When there is a difference in temperature between two bodies, a certain type of energy flows between them. This energy is called heat energy.
When this heat energy flows into a body, it warms the body. When it flows out of the body, it cools the body. In other words, when a hot body and a cold body are in contact, the hot body loses heat energy while the cold body gains heat energy.
The point to note is that, left to itself, heat energy flows from a region of higher temperature to a region of lower temperature and never in the other direction (Fig.). Heat flow continues till the temperatures of both the hot and the cold body become the same (whose value will be somewhere in between the temperatures of the hot body and the cold body).
Fig. Direction of flow of heat energy
Measuring Heat
Just as we measure length in centimetres and metres, heat energy (and any other form of energy for that matter) is measured in calories or joules. In SI system (which you know is the international standard for the system of units), heat energy is measured in joules. The symbol used to represent ‘joule’ is ‘J’.
Read More:
- Heat Transfer by Conduction
- Heat Transfer by Convection
- Heat Transfer by Radiation
- Heating Effect Of Electric Current
Preventing Loss of Heat
A thermos flask (Fig.) is a very good example of how heat loss by all three modes of heat
transfer, namely, conduction, convection, and radiation is minimized. Let us see how this is done.
Fig. Diagrammatic representation of a thermos flask.
Heat loss due to conduction is minimized by using insulating materials (like plastic) for the outer casing and the cap of the thermos flask. The inner jar is a double-walled bottle made of glass or stainless steel. The space between the two walls is a vacuum, so that heat loss due to conduction is minimized.
This also reduces heat loss due to convection as there are no air molecules to carry the heat away. Heat loss due to radiation is minimized by making the surface of the jar highly reflective, so that heat radiations are reflected back into the jar
Activity
Aim: To show that heat energy flows from a hot body to a cold body Materials needed: A coin, tongs, boiling water, cold water, and two glasses
Method:
- Take two glasses and fill them to three-fourths of the capacity with cold water.
- Boil water in a vessel and drop a coin in the boiling water.
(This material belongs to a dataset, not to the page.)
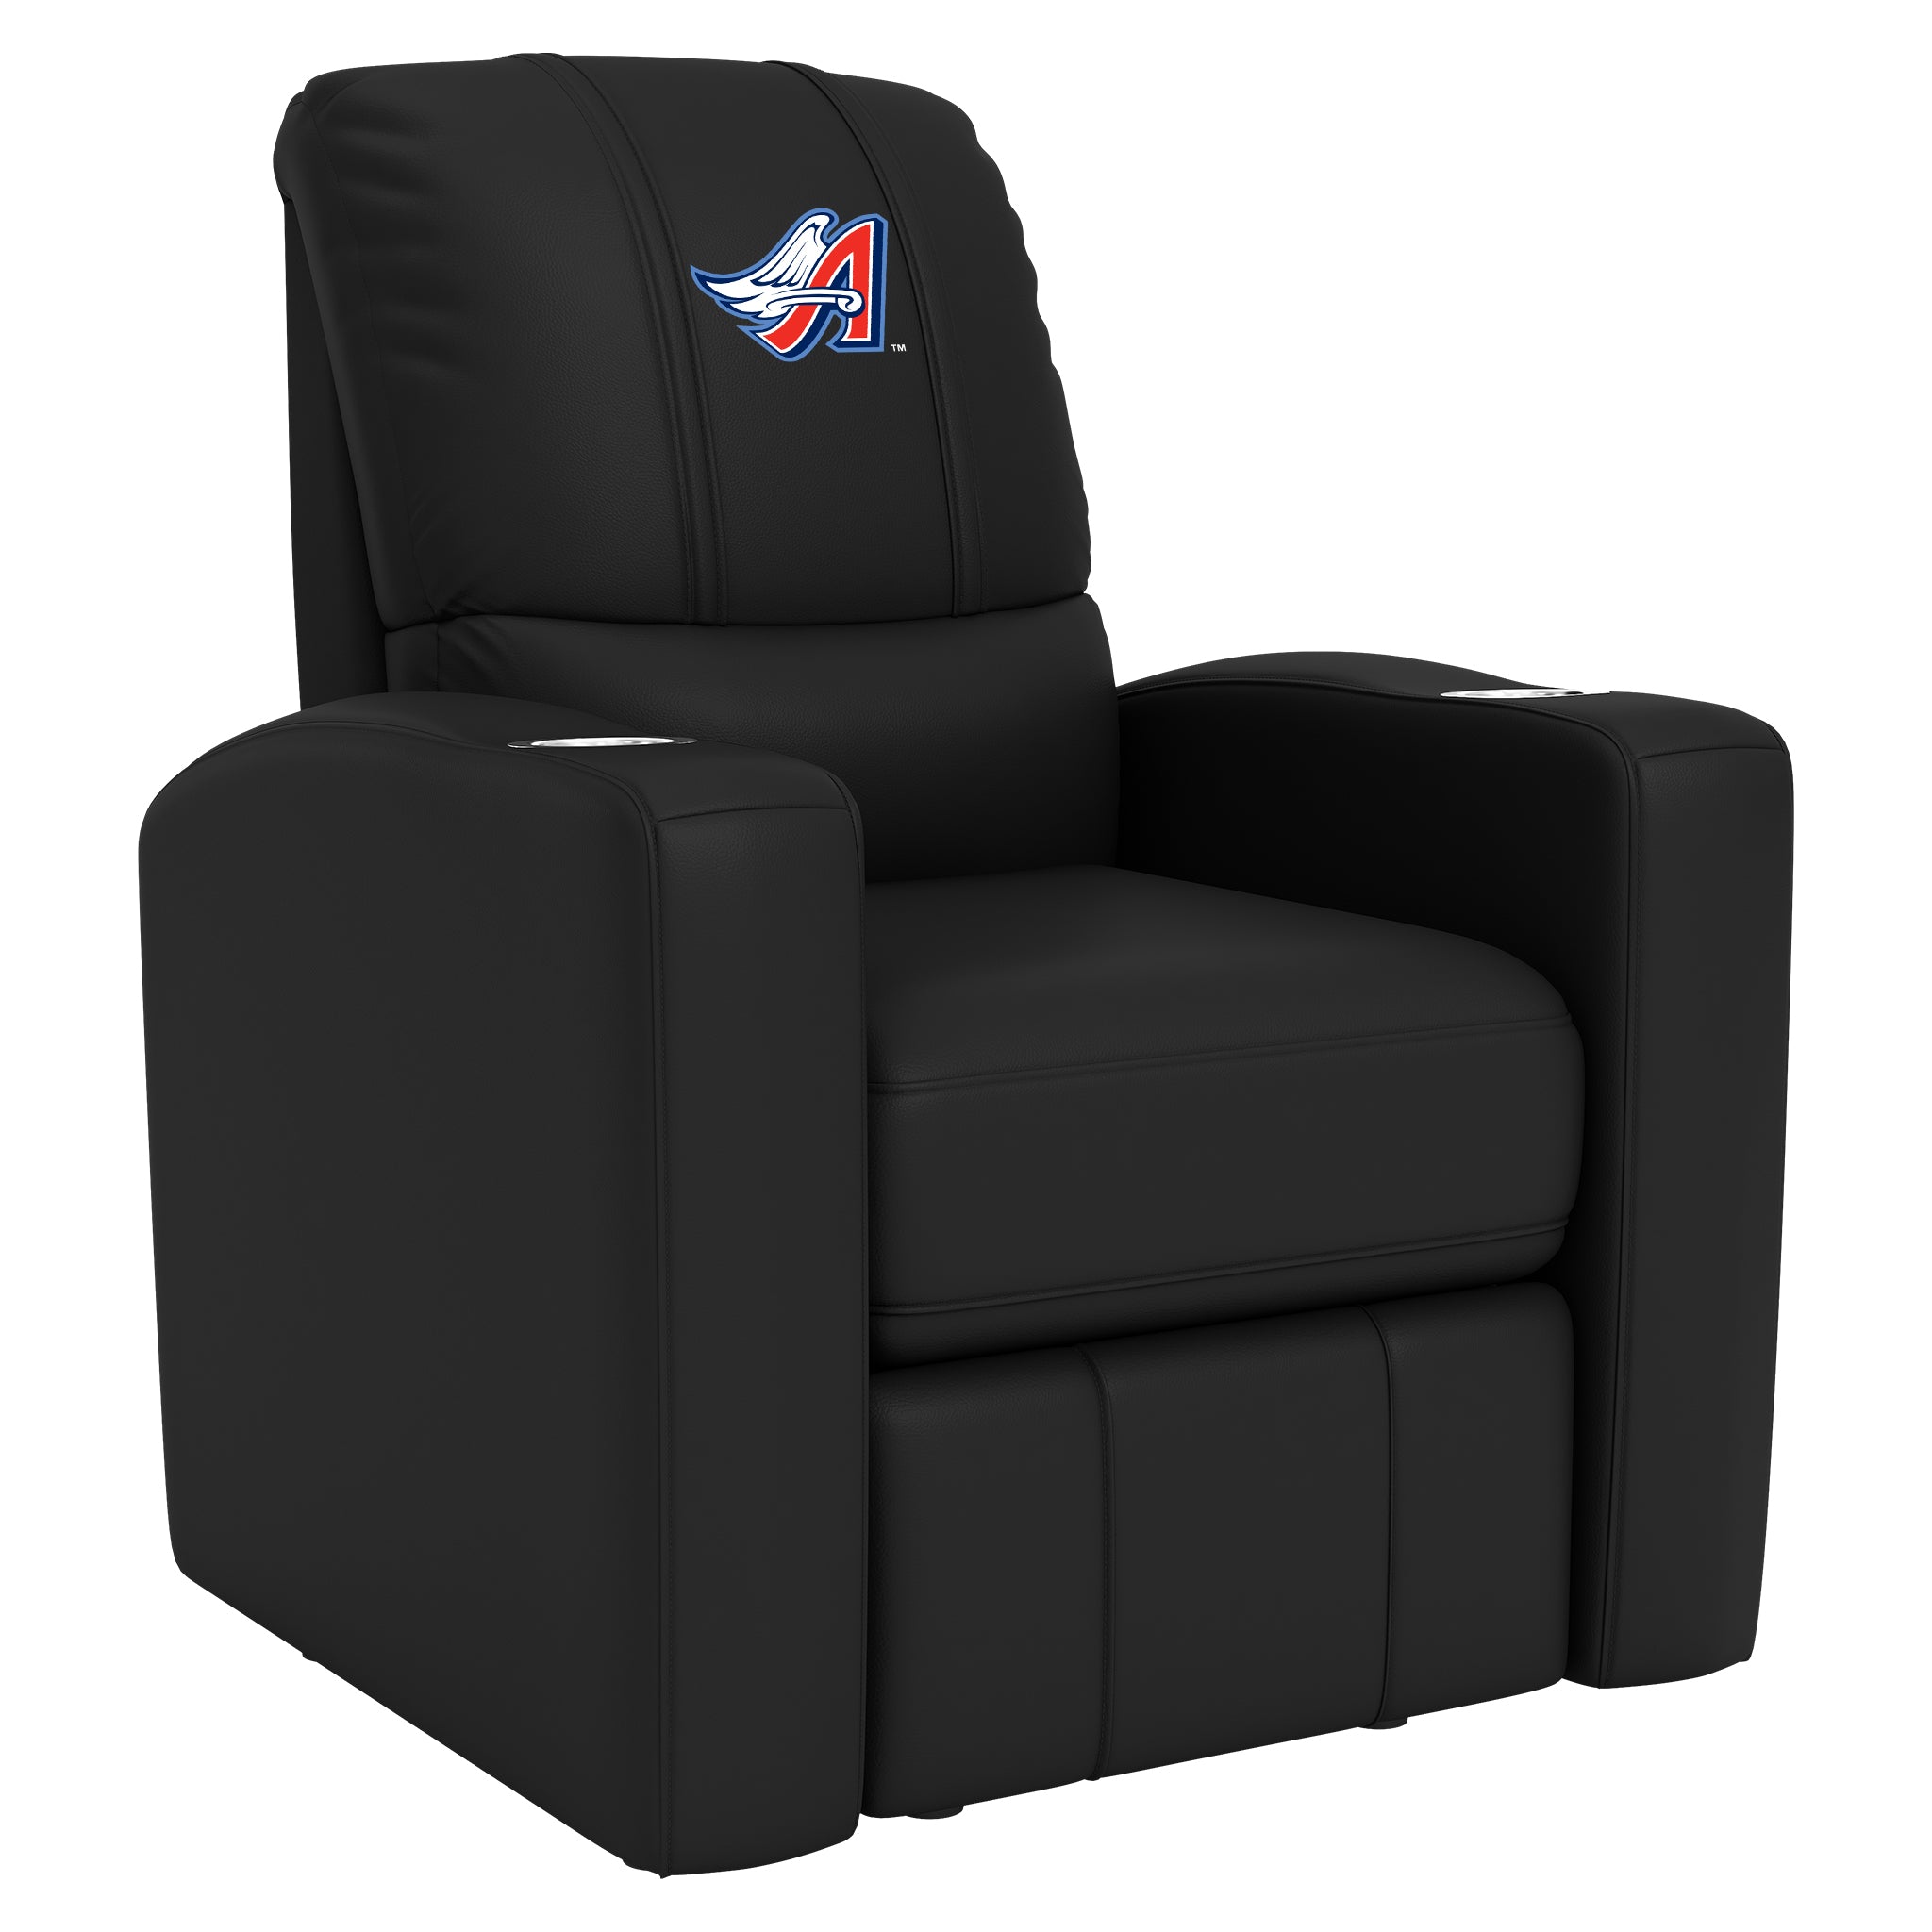 Stealth Recliner with California Angels Cooperstown Primary

Leave it for some time so that the coin gets really hot. Ask an adult to use the pair of tongs to pick up the hot coin and drop it in one of the glasses filled with water.
- After about 2 minutes, dip your finger in the two glasses, first in the glass without the coin and then in the glass with the coin.
Observation: You will observe that the water in the glass in which the hot coin was dropped will be warmer.
Conclusion: Heat energy has been transferred from the hot body (coin) to the cold body (water).